In the late 19th century, in the wake of the publication of The Origin of Species, the archaeologist Augustus Lane Fox Pitt-Rivers and the anthropologist Alfred Haddon applied Darwinian theory loosely to the ‘evolution’ of decorative designs. Their argument was that motifs on coins, pots or weapons underwent slow processes of change through successive copying, with slight ‘variations’ introduced at each step. What was at some stage a naturalistic depiction could be transformed gradually into an apparently abstract schema (or vice-versa). Haddon and Pitt-Rivers found many real examples of such processes among anthropological material. They also made experiments to test this evolutionary explanation, in which they asked one person to copy a drawing, a second person to copy the copy without reference to the original, and so on. In the 1930s the psychologist Frederic Bartlett made similar experiments in connection with his studies of visual memory, reported in his book Remembering. The Surrealists had a game called ‘Dessin Successif’, intended to stimulate the automatic production of strange images – a kind of graphical equivalent of ‘Chinese Whispers’. I have made a number of copying experiments along these lines myself. It is my tentative proposal in this paper that the results can throw light on the nature of diagrams and how they have evolved (in a non-Darwinian sense) in various fields. If a naturalistic drawing is taken as the starting point, it undergoes a characteristic process of change as the copying goes forward. It does not simply deteriorate. Instead it typically becomes more abstract and more schematic, but without great loss of detail or information. Parts of the image become separated out, the whole design is flattened, and perspective occlusion is removed. The same drawing if set off a second time - and barring casual accidents - takes a similar trajectory. These kinds of processes can be observed in the ways that certain specialised modern types of diagram like circuit diagrams or tube maps can be seen to have evolved historically.

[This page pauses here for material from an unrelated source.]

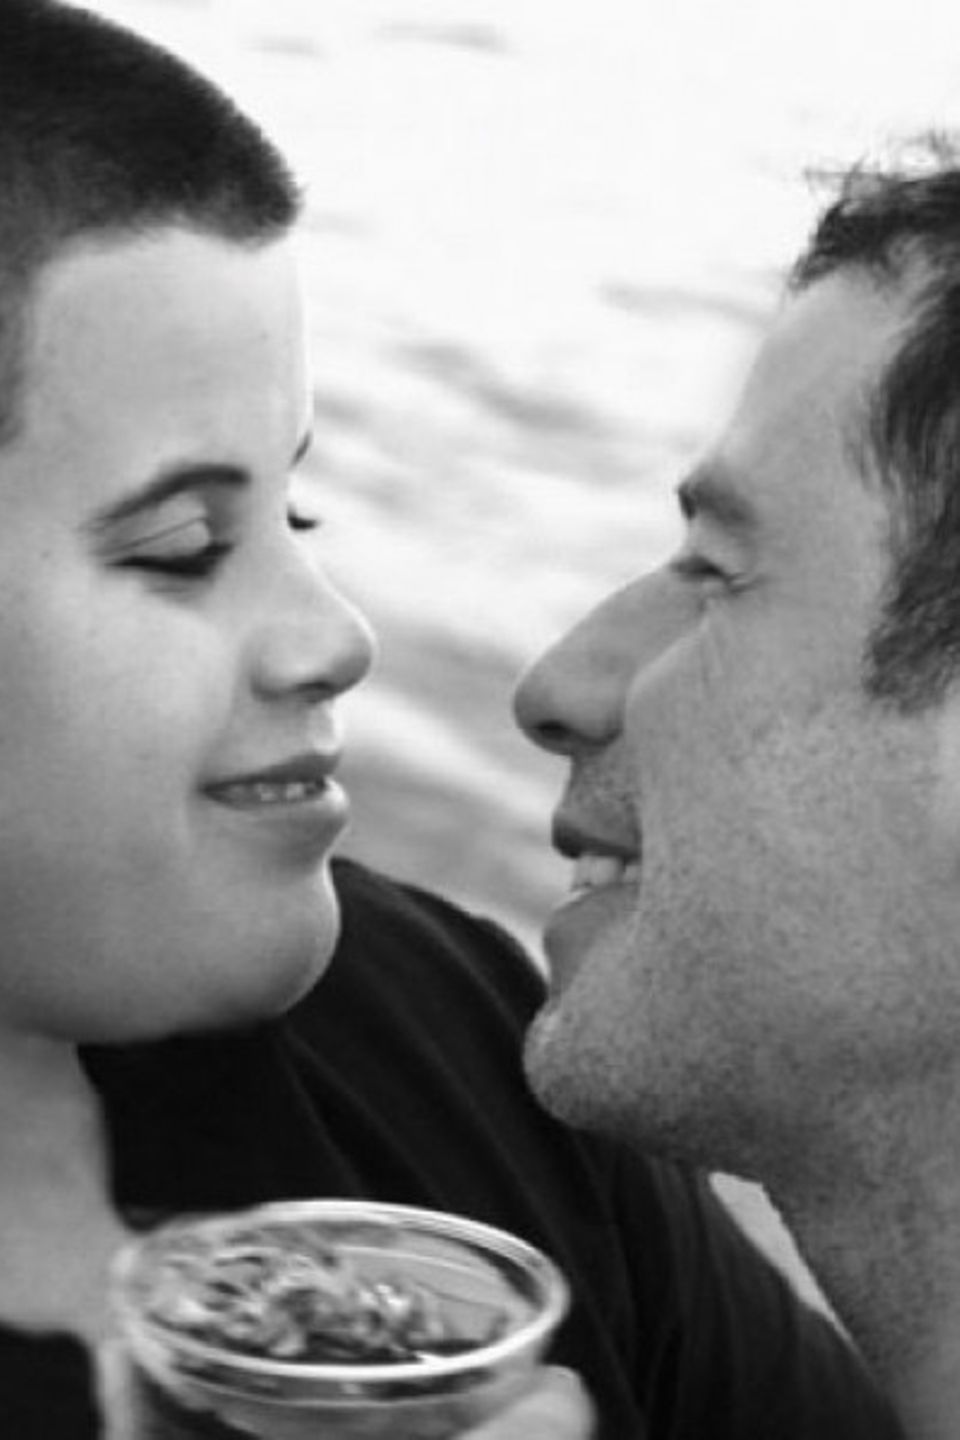 13. April 2020 Mit einem emotionalen Post erinnert John Travolta an den Geburtstag seines vor zehn Jahren verstorbenen Sohnes Jett. Der damals 16-Jährige verunglückte nach einem Krampfanfall tödlich. Später gaben Travolta und seine Frau Kelly Preston bekannt, dass bereits im Alter von zwei Jahren bei ihrem Sohn das Kawasaki-Syndrom diagnostiziert wurde. John Travolta scheibt berührend auf Instagram: "Happy Birthday Jetty! Wir lieben dich".

The paper will be illustrated with many examples. Members of the audience will be invited to take part in an experiment themselves.


Rebecca Whiteley (University College London)

Diagrams in Early Modern Midwifery: Problems in the Construction and Communication of New Kinds of Body Knowledge

In the decades before 1700, Western European countries saw enormous cultural, social and medical shifts in how midwifery was practiced and understood. Medically trained men began to practice midwifery, transforming it into a publically discussed, medical profession partly through the publication of illustrated instructional manuals. These midwife authors aimed to communicate innovations both in how the body was pictured, and how it could be practiced upon. While the images these authors produced have typically been dismissed as inaccurate anatomies, this paper will argue that they are, instead, radical and experimental diagrams. Not poorly observed, but rather intentionally abstracted and adapted to communicate kinds of body knowledge and processes of practice that had never before been visually depicted. This paper will focus on the problems faced by these authors, and the artists they employed, in their attempts to create a visual language that could embody and communicate their new kind of practice, and yet remain legible to their audience. In this paper I will discuss the representational and technical innovations of these diagrams (successful or not), as well as the wider cultural implications of these images on midwifery at a time when its cultural and medical status was being widely redefined.